There is a long pause.

“What is your…primary concern?”

“The reactionaries are winning, people. The Dark Ages are coming. As you fight the Sarmatians to increase your influence and your power, your very lifelines are decaying in front of your eyes. The wealthy are no longer building for the sake of themselves and the nation — they are pilfering the wealth of this country, indulging in the grossest of decadences. Whatever they cannot spend, they move to an offshore account, just like the Russian oligarchs of the nineties. If the American people continue on this route for much longer, they will find that they have surrendered all of their ideals for the sake of the rich, who have squandered the boon of empire in so hedonistic a manner that it would be appalling even to Theodora.”

“Who?”

“Theodora? The wife of Justinian? You have never heard of her?” Shrugs. “She is probably the most lascivious woman in history. She once said that she lamented the fact that she only had three orifices.”

“Wow.”

“It's right there in Procopius.”

“Who?”

“Really? You've never heard of Procopius?” with a deflated sigh. “What about Salvian?” Nothing. “See, Daphne, while you mock my admittedly over-zealous interest in history because you think it doesn't apply to very much in life, you fail to note that the most basic thing one gains from the study of history is the knowledge of what not to do. As Horace said,

…Insuevit pater optimus hoc me,

ut fugerem exemplis vitiorum quaeque notando.

Sic transit gloria mundi—via ignorance, my friends.”
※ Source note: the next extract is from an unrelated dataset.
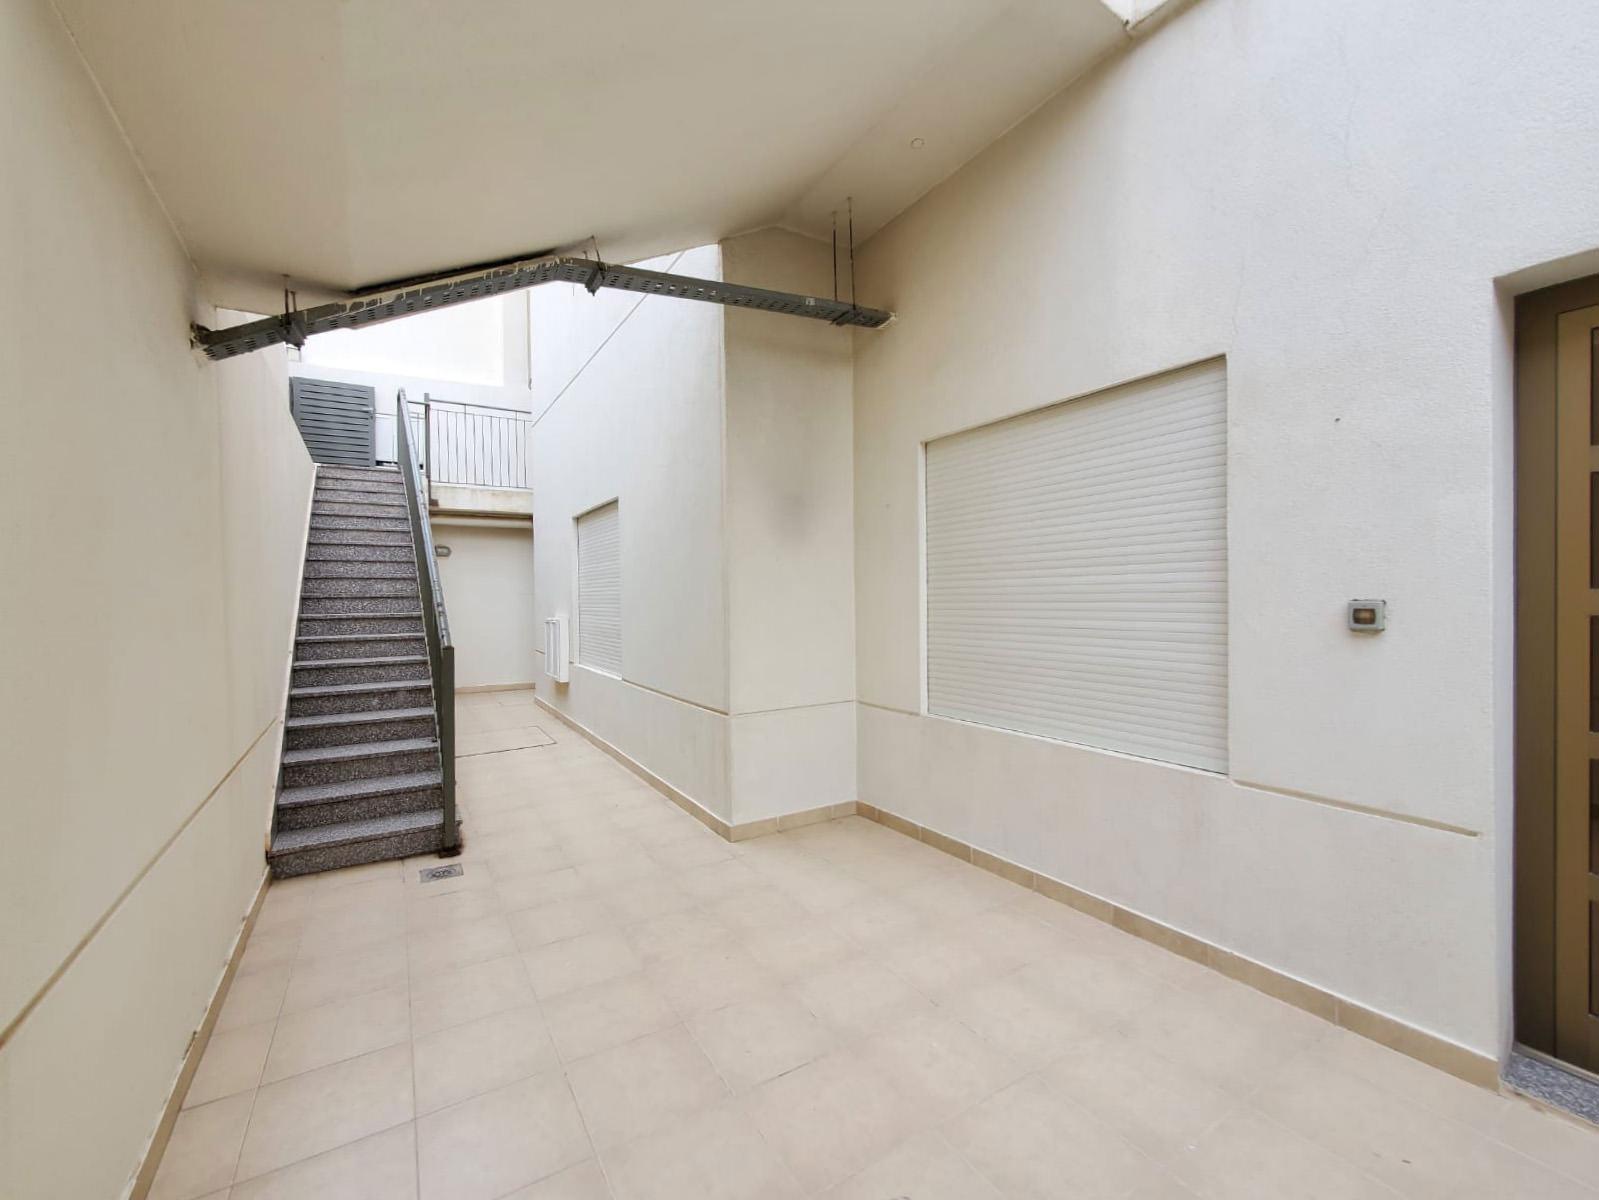 Jabriya – nice, unfurnished three bedroom basement apartment w/yard

“What the fuck does that all mean?”

“It means that Horace's father taught him how to live via the bad examples set by others.”

“I see.”

“Empires crumble under the weight of their own ignorance, their own arrogance, their own narcissism. Men suffer no different.” He looks to Daphne. “Women, too. We had the opportunity to become history's greatest generation — we, of course, meaning in the industrialized world, not just Americans. Our choice was very simple: continue with our lethargy, our sense that everything will work out because it has always worked out in the past, or realize that Postmodernism is the espousal of a world without proper legitimacy, and that, in the absence of legitimacy, most will consign themselves to the most traditional means of authority. They will latch onto jingoism, to patriarchy, to the most mystical forms of spiritualism. In the end, they will reject the material world; they will perceive world events as prophecy and miracle. This is how the Dark Ages began. Fuck the barbarians, inflation, taxation — the downfall of Rome was due to lethargy, Christian masochism, and the collapse of public institutions. My friends, we are approaching the event horizon here.